The European Union has recognized the need for a significant change in its economic ties with China. Recently, EU Trade Commissioner Maroš Šefčovič brought attention to alarming statistics showing that while Chinese exports to the EU increased by approximately 50% in the past five years, EU exports to China have dramatically declined by about 30%.
The trade imbalance has become particularly concerning. As of 2025, the goods trade deficit between the EU and China reached €359.9 billion. This marked a 2.7% increase year-on-year and an 18% rise from €312.2 billion in 2024. Total imports from China amounted to €559.4 billion, while exports from the EU were significantly lower at €199.6 billion. After peaking at €397.3 billion in 2022, the deficit has exhibited fluctuations yet continues trending upward.
Concerns regarding the trade imbalance have resonated widely within Europe. Spanish Prime Minister Pedro Sánchez, during a visit to Beijing in April 2026, decried the trade deficit as unsustainable for European communities. This sentiment highlights a growing consensus that the current situation is untenable.
How has the EU's view of China evolved? In 2019, Brussels designated China as a systemic rival due to issues around market access, unfair state subsidies, and trade practices that undermine competition. The EU's strategy has shifted towards a more risk-aware approach that includes considering anti-subsidy investigations and imposing potential tariffs, underscoring the increasing unease regarding China’s heavy state-supported economy and its overwhelming export growth in critical sectors, particularly electric vehicles and solar technology.
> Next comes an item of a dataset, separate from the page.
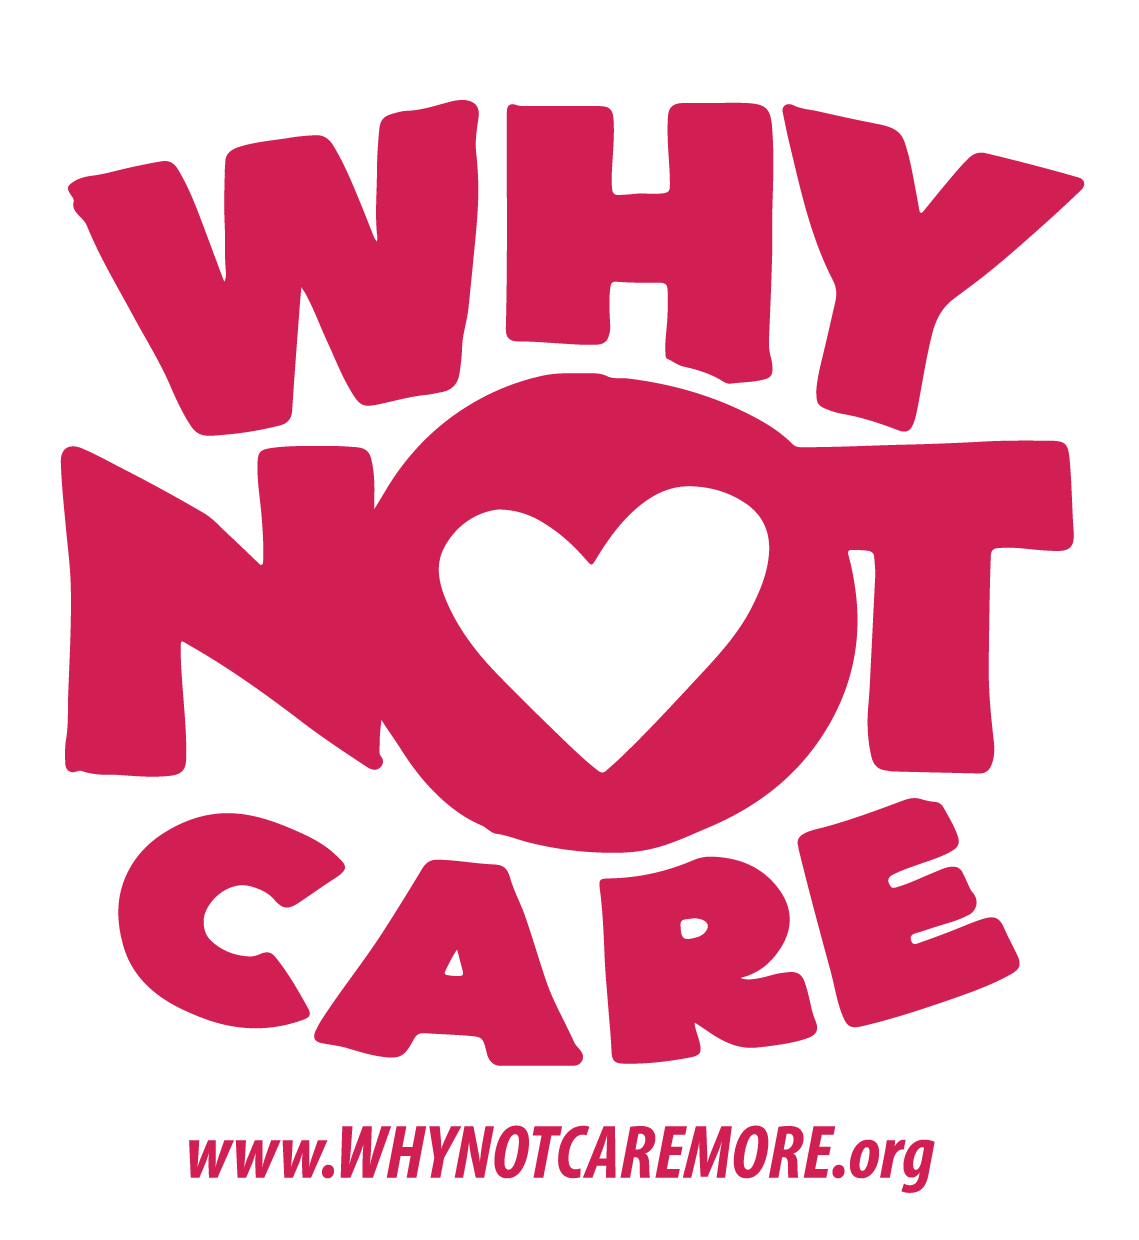 why not care, inc. logo

What impact does this have on investors? One immediate effect is the heightened scrutiny of Chinese products entering the EU market. If the EU follows through with anti-subsidy investigations and tariff implementations, companies operating in sectors heavily reliant on Chinese goods, such as technology, automotive parts, and consumer electronics will face increased costs. The automotive industry, in particular, stands on shaky ground as Chinese electric vehicle manufacturers amass greater market share in Europe. EU officials warn that failing to address this growing trade imbalance might result in industrial decline and intensified trade tensions with one of Europe’s most significant economic partners.